Besides meeting their students' needs, such schools are opening their doors to people who wouldn't ordinarily set foot in a public school and finding new ways to extend services for students with after-school needs.
Molly Stark's dental clinic was logical in a rural area where many low-income families never visit the dentist, and then only after their children's teeth have become badly decayed, said Principal Sue Maguire.
Some students as old as 10 had never sat in a dentist's chair before doing so at school. Maguire recalled talking to one student who, after having several rotten teeth extracted, said he had never known what it was not to be in pain.
"We were really doing what seemed to be the right thing to do for families, to create successful learners," she said.
The approach seems to be working. Molly Stark, one of about 30 schools flagged last spring by state officials as "needing improvement" under President Bush's education plan, came off that list this fall when test scores improved.
Maguire, who has been at Molly Stark for 26 years, also said she is "doing less crisis intervention" since bringing in a preschool program, a consulting pediatrician and part-time psychologist, mentoring, before- and after-school care, parenting classes and a center for family counseling.
"You can pull a poor school up ... if you give the kids what they need to do well," Maguire said.
Schools in New York, Boston, Chicago and Portland, Ore., have brought in similar services, generally with the help of local nonprofit groups.
In New York, a handful of full-service schools provide a mix of medical and dental care, parenting courses and even help for pregnant women. A few stay open on weekends, providing sports, arts and other recreation programs.
"I think this is what schools should be," said Jane Quinn of the Children's Aid Society, which operates 10 community schools in the city. "Why schools are closed at 2:30 in the afternoon is beyond me."
In Boston, one school holds after-school English sessions for immigrant parents. Such programs are available elsewhere but often have long waiting lists, said Matt LiPuma of the Home for Little Wanderers, a Boston child-welfare agency that works with 35 schools.

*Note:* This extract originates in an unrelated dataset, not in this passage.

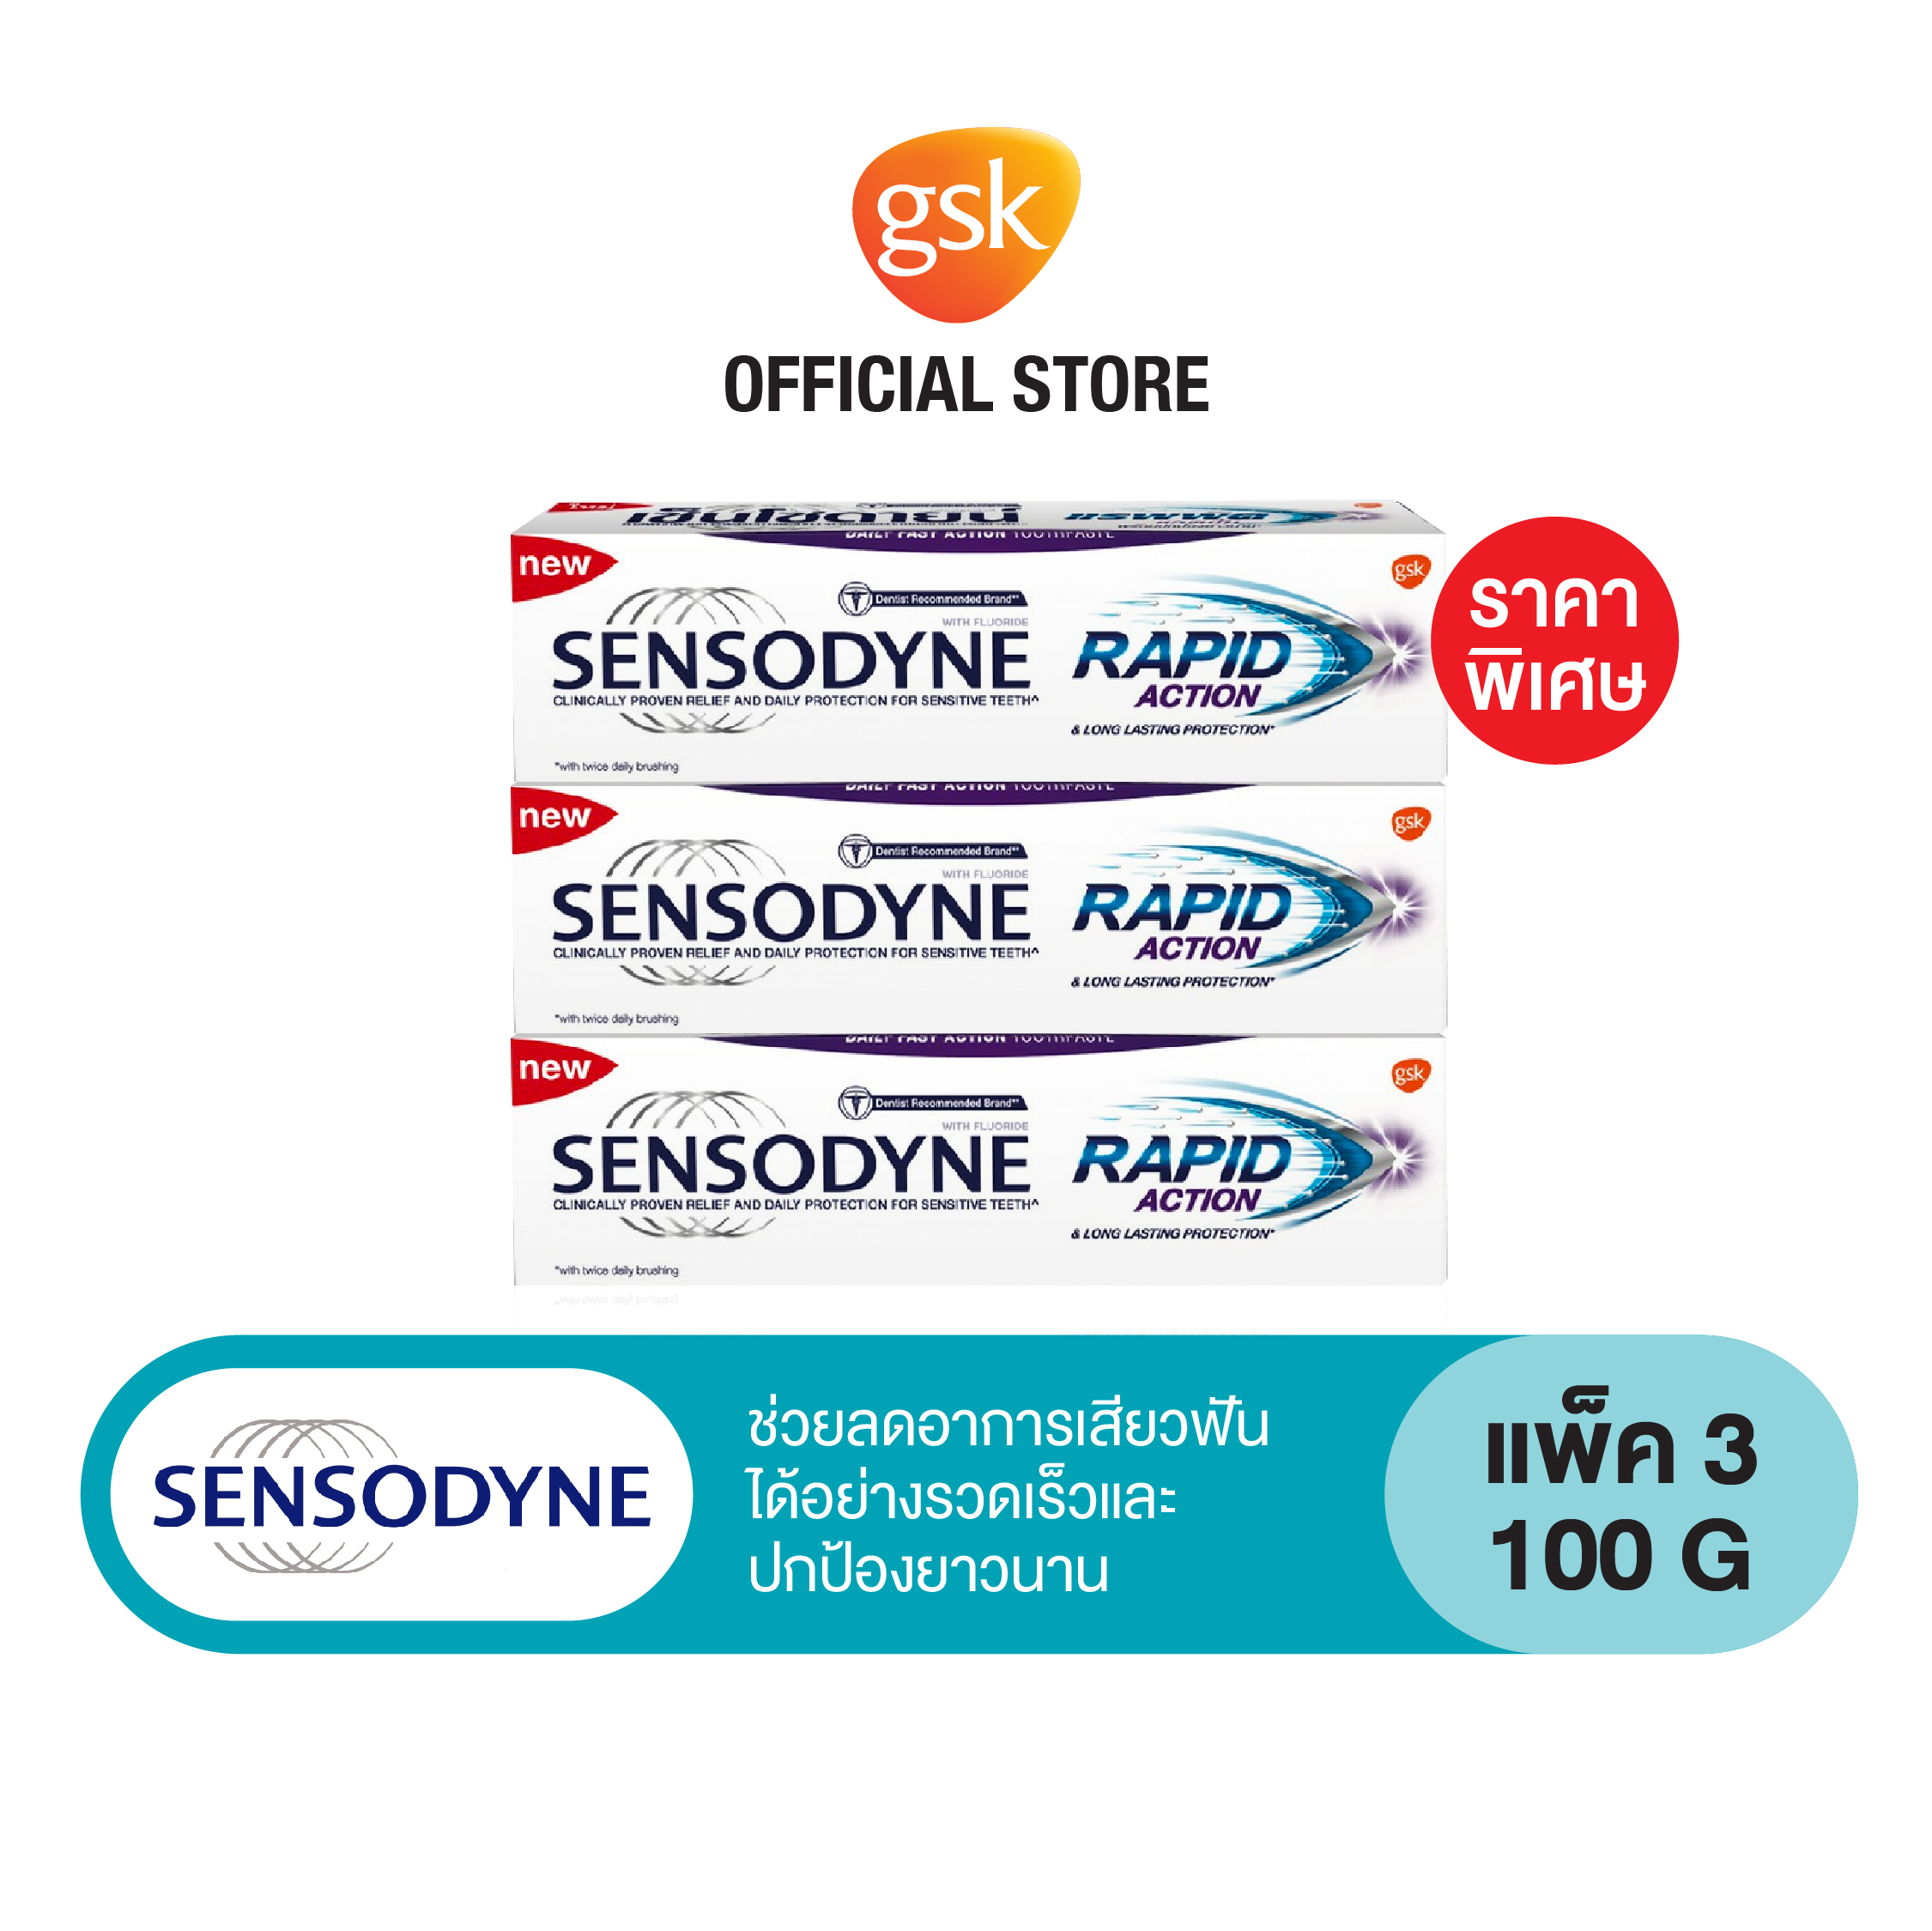 SENSODYNE RAPID ACTION 100G x 3 HELP REDUCE TOOTH SENSITIVITY FAST & LONG LASTING PROTECTION PREVENT TOOTH DECAY เซ็นโซดายน์ ยาสีฟัน สูตรแรพพิด แอคชั่น 100 กรัม x 3 ช่วยลดอาการเสียวฟันได้อ

"The parents were the ones who tipped us off to the need for this," he said.
At an elementary school in Iuka, Miss., the auditorium serves as the community's performing arts center. The library is open to the public, and families book the school for wedding receptions in the center courtyard. The gym opens its doors to adults who want to work out after school.
"It's basically a community center," said New Orleans architect Steven Bingler, who worked on the project.
The model has been catching on slowly nationwide, said Joy Dryfoos, a New York sociologist who has been pushing the full-service idea for decades.
"If principals were taught how to do this, they could do a lot more than they're doing," she said. "They just don't realize it's out there. They're under so much pressure to perform."
At Molly Stark, Maguire cobbled together the funding for the dental clinic and after-school programs through state, federal and private funding. Brady, who retired from his private dental practice after 28 years in Bennington, sees only Medicaid-eligible children - about 600 between Molly Stark and others referred from other schools.
It's a good deal for Brady, who pays no rent for the clinic. His practice is self-sustaining, assuring him a good income.
Dryfoos, who co-wrote a recent book on full-service schools with Maguire, said principals often are hesitant to invite agencies in.
"It's not anything that comes under educational mandates," she said, "but on the other hand, if you have a bunch of kids with achy teeth, you're not going to be able to teach them."